Impatient to get going, she blew the horn so Polly would know she was there. ‘Hurry up,’ she whispered, taking care not to meet the gaze of a group of gossiping women with meaty arms across wide stomachs. Probably wondering who I am, she thought, perhaps surprised to see a woman rather than a man calling for Polly in a car. Polly had always had a bit of a reputation and was almost boastful about it.
Not bothering to turn the engine off, she tapped the steering wheel as she waited, taking a glance at her watch, then at the street, anything to make time pass more quickly.
Camborne Crescent was not a place she would choose to live in and today it seemed drearier than ever.

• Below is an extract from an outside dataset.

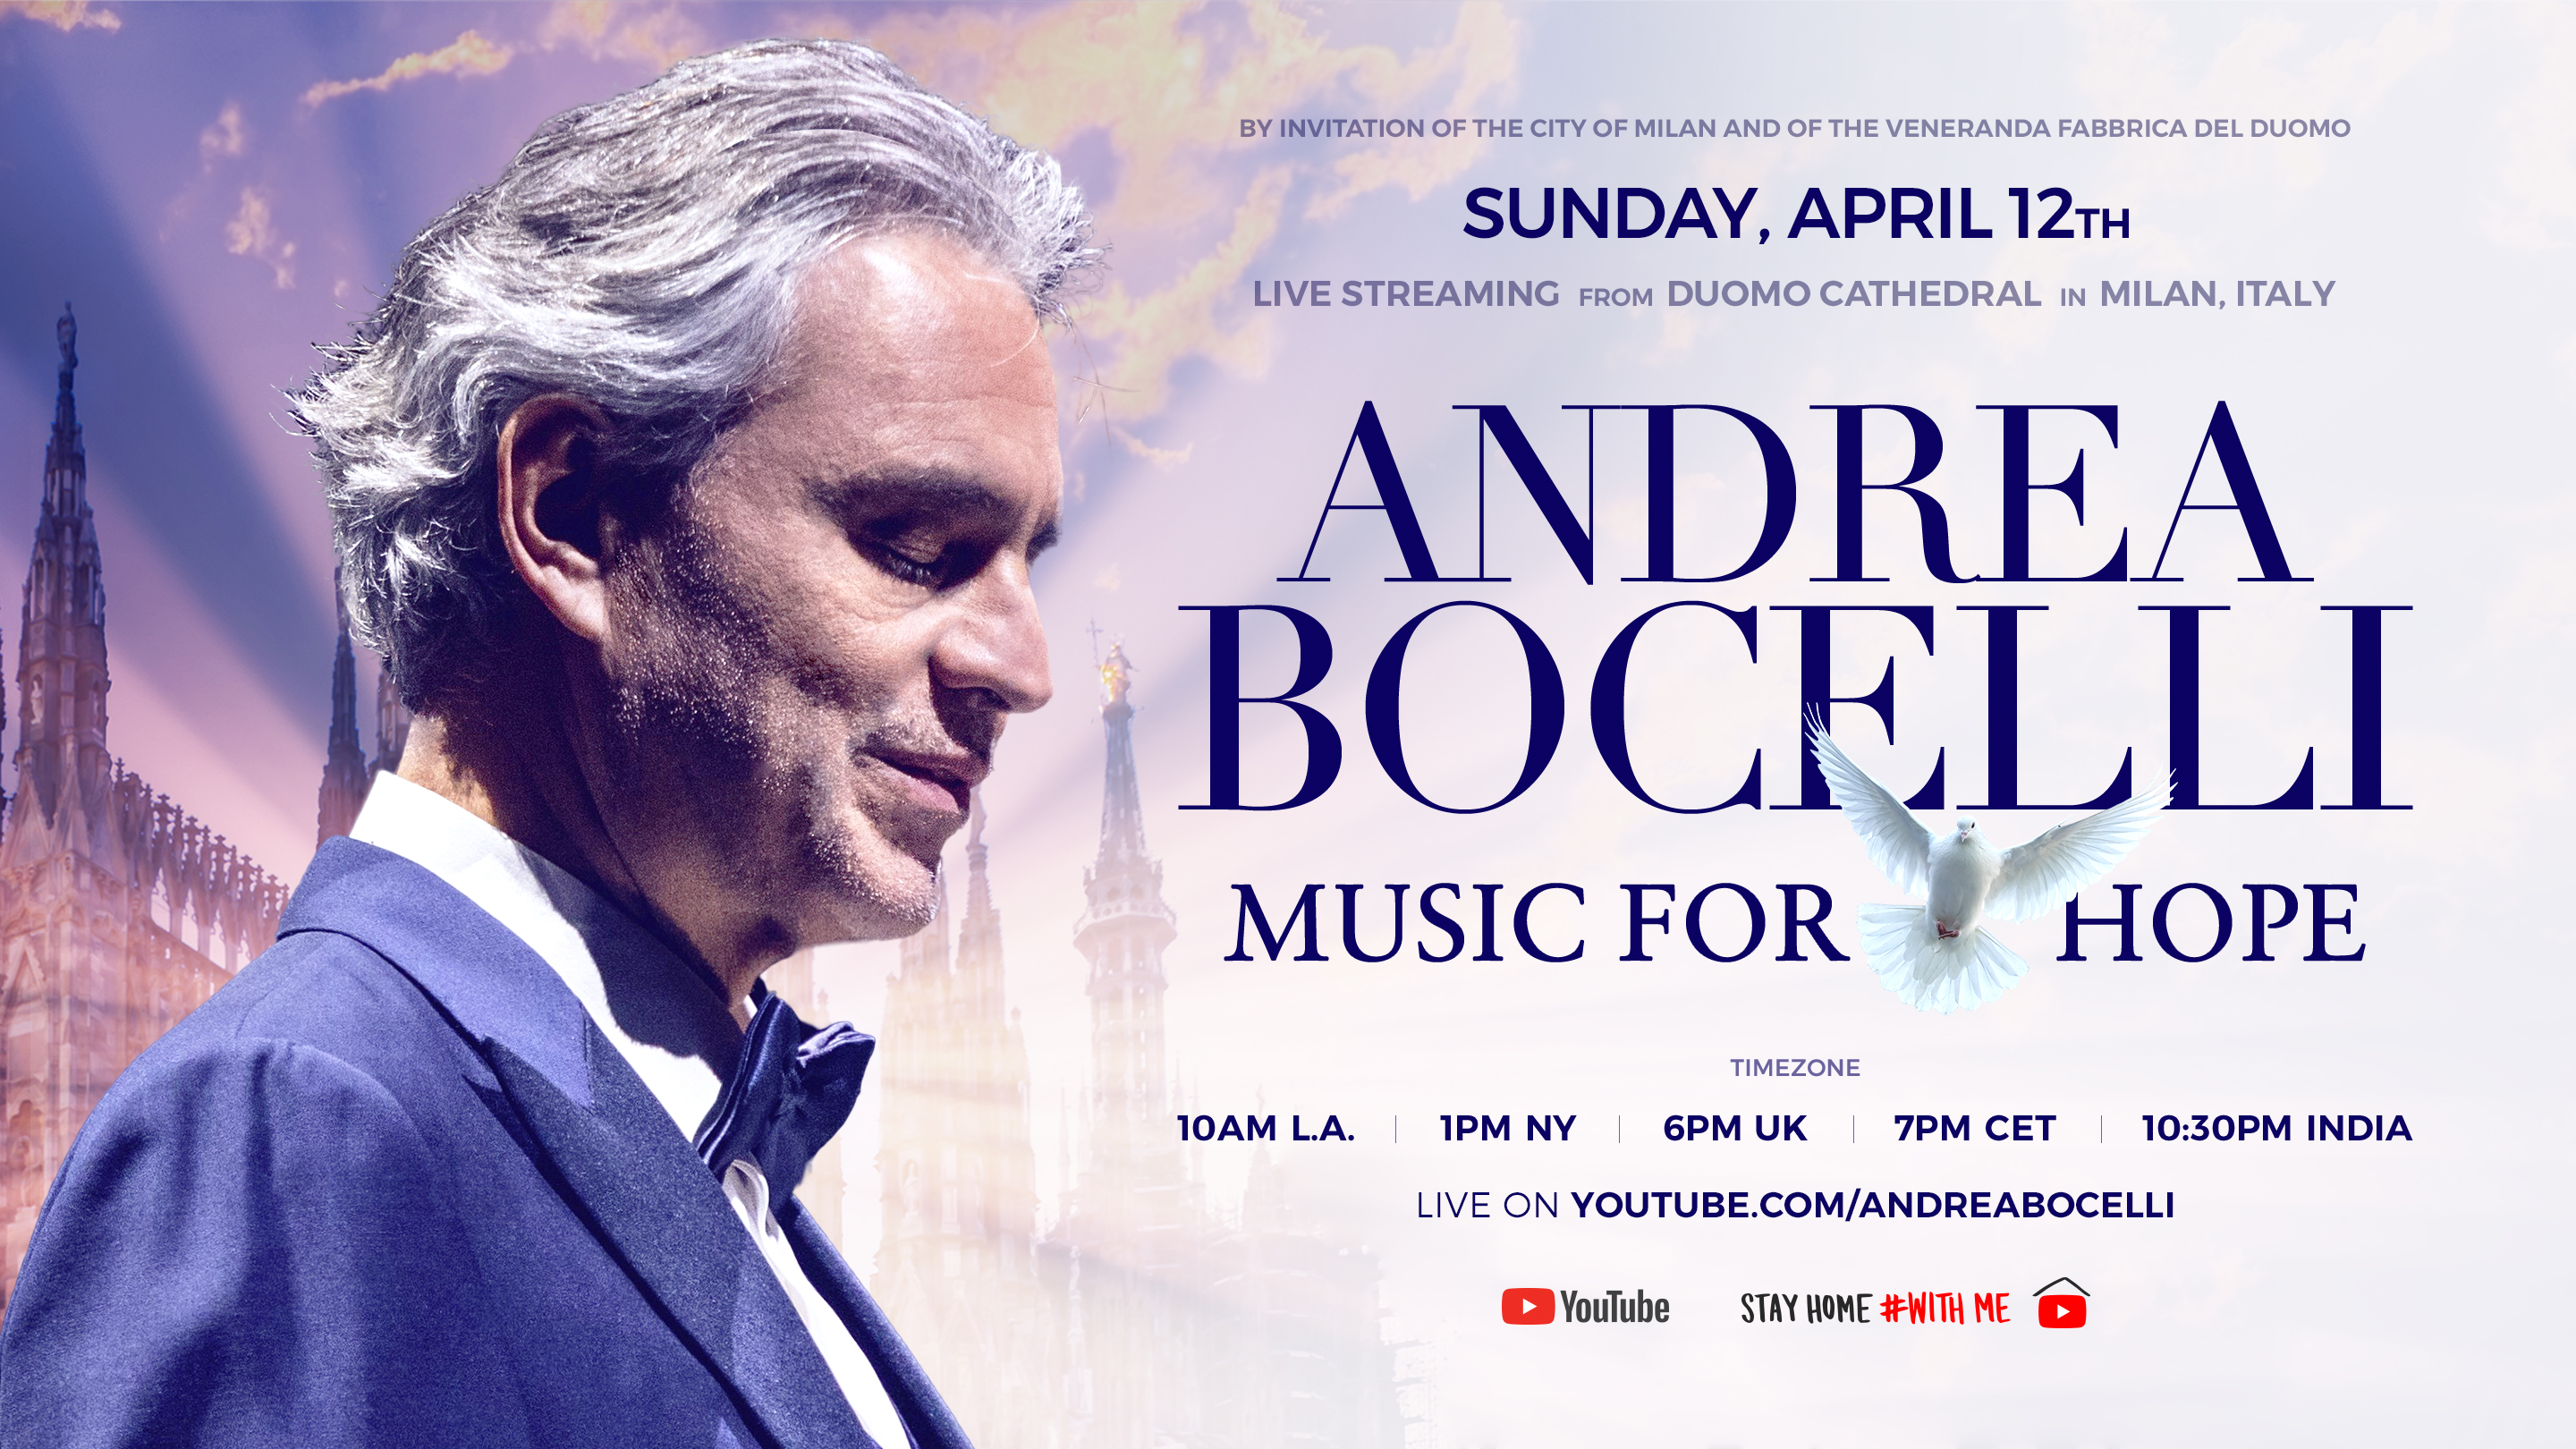 Bocelli in Duomo: “Music for hope”

A grey sky hung over the red-brick houses, and sweet wrappers whirled across the pavement in a cold wind, finally seeking shelter beneath the straggly privets. The remains of Coronation bunting hung ragged and dripping with recent rain from between the streetlights. No one had bothered to take them down. They’d probably be there next year, she thought ruefully, or even longer.
Polly came dashing out of the house, made up to the nines and flouncing down the path in a full-skirted dress with penny-sized black spots scattered on a white background matched with a black bolero jacket. As if she were off to a party, thought Edna, and smiled. Even after all these years, Polly was still a bundle of energy.